I tried 'googling" this for an answer, by the way. While I found a gazzillion bits of info on the green machines, I did not, unfortunately, find the correct fuel oil ratio for it.

Maybe I used the wrong search terms, as I thought google has the answers to everything.


----------



## bmartin

I run 40/50-1 in all of our mix gas.


----------



## Always Greener

Is it the S1400 model? the mixture is ( 50:1 ) I have the info for that model.


----------



## Atricaudatus

Always Greener said:


> Is it the S1400 model? the mixture is ( 50:1 ) I have the info for that model.


Mine is a Model 3000J. Was the S1400 made when John Deere owned them? If so, the fuel mix is likely to be the same.
the problem is that the "green machine" brand has been bought and sold a few times in the past several years. I don't even know who makes them now. It's a great trimmer though. I love the thing.


----------



## Always Greener

We always run 50:1 ratio..but here is some good info about it.

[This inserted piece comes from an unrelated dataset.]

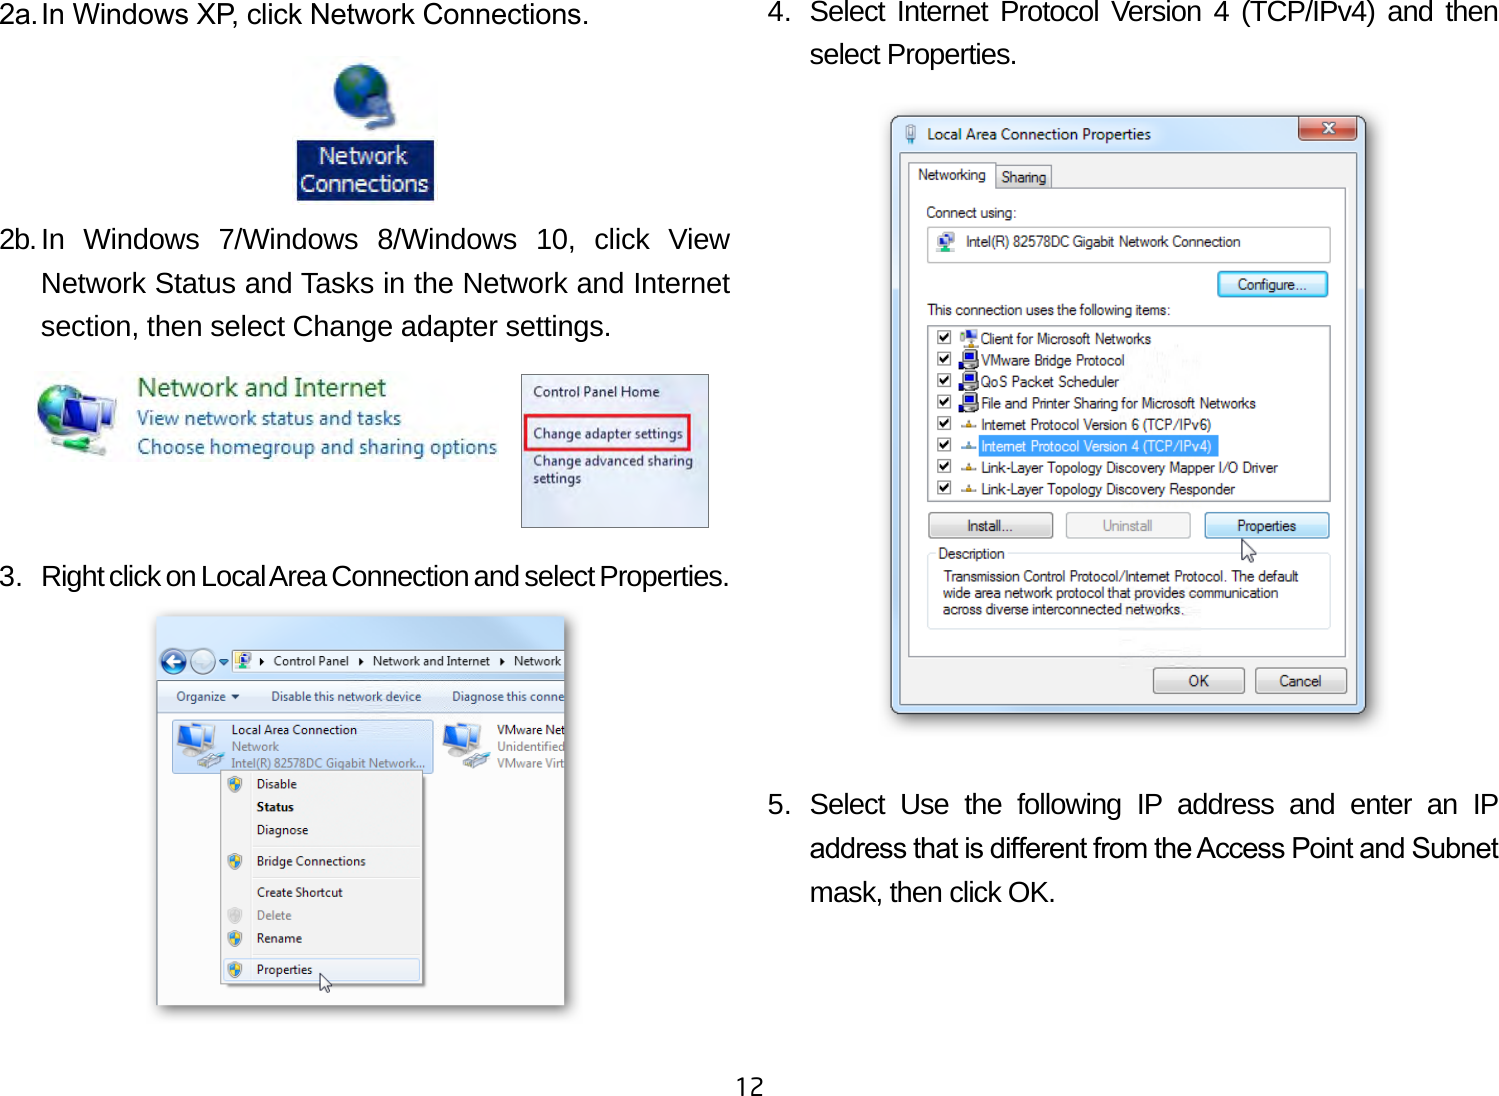 122a. In Windows XP, click Network Connections. 2b. In Windows 7/Windows 8/Windows 10, click View Network Status and Tasks in the Network and Internet section, then select Change adapter settings.3.  Right click on Local Area Connection and select Properties.4.  Select Internet Protocol Version 4 (TCP/IPv4) and then select Properties.5. Select Use the following IP address and enter an IP address that is dierent from the Access Point and Subnet mask, then click OK.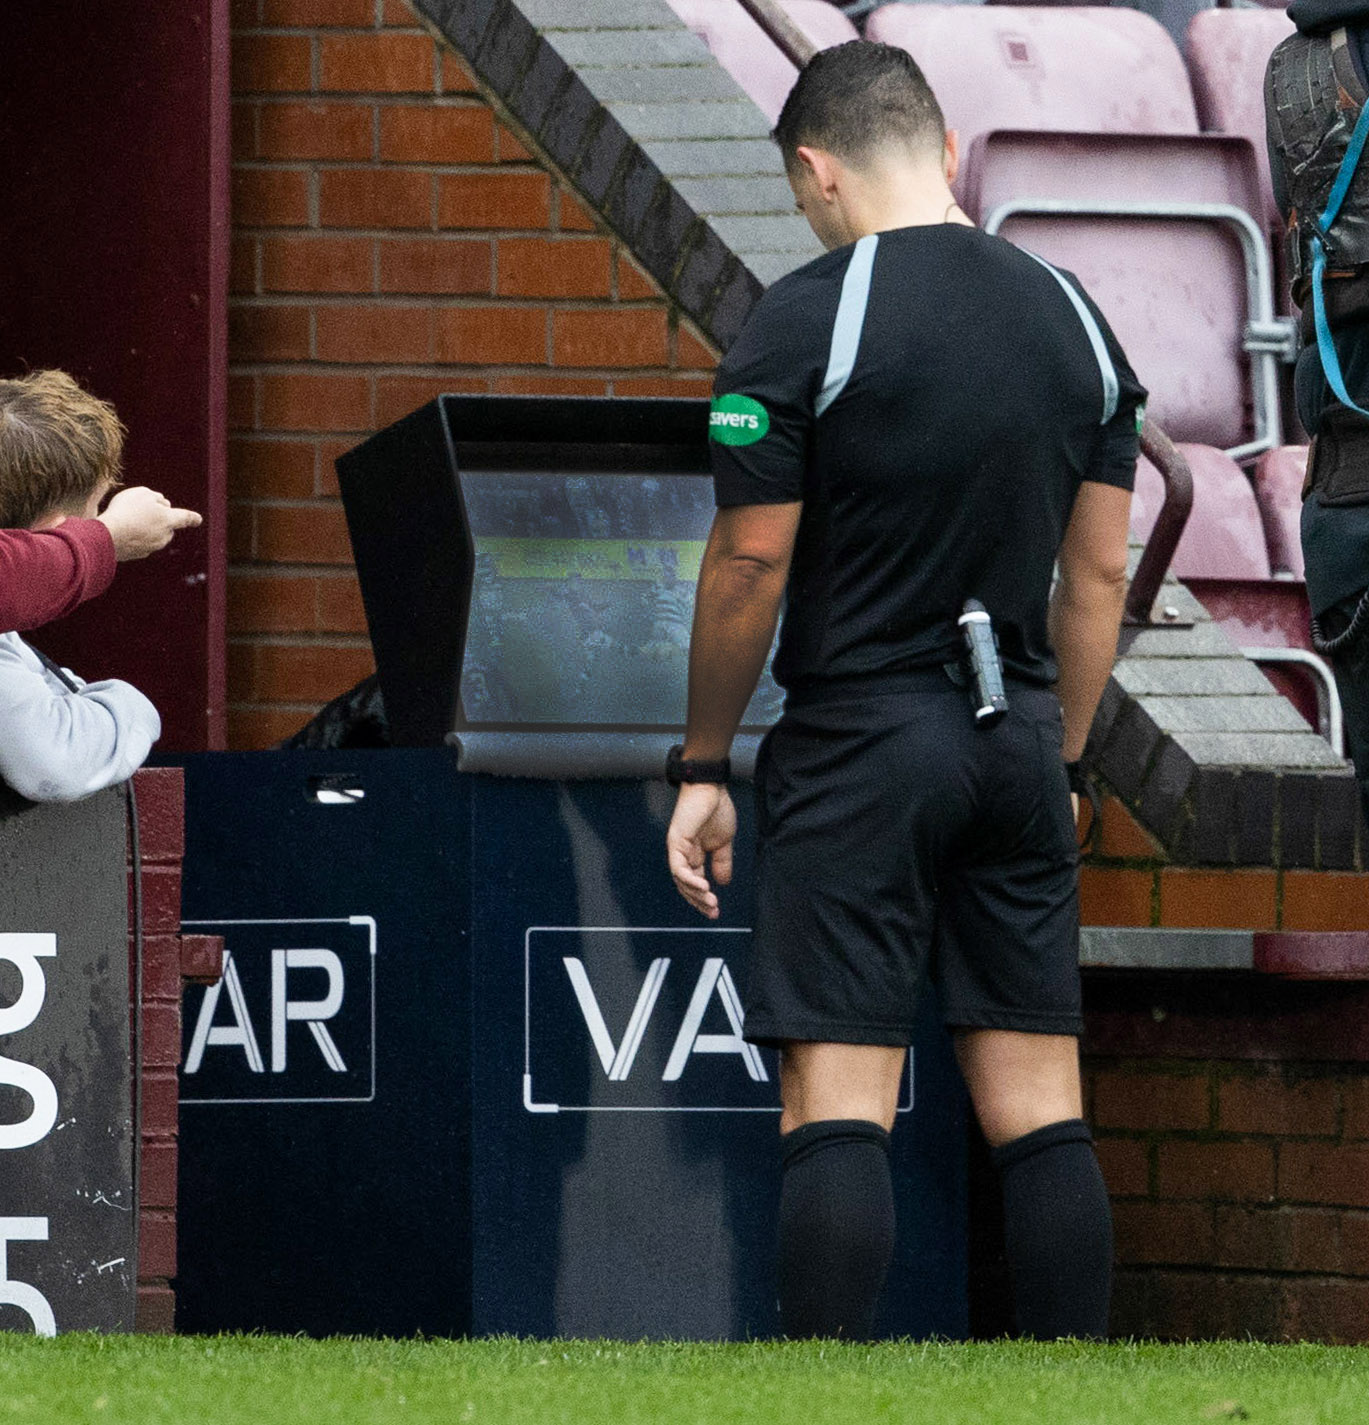 VAR: Referee consulted monitor before awarding penalty to Hearts.

http://www.repairspot.com/two_stroke_fuel_mixture_ratio.htm


----------



## Double-A

Or you can call these folks and ask them. They seem to have done quite a business in Green Machines over the years, looking at their available inventory.

http://www.ktoutdoor.com/greenmachine_green_machine_parts_page.htm


----------



## Atricaudatus

Thanks guys, good info.
:thumbup1:


----------



## Always Greener

Hope we helped...:whistling


----------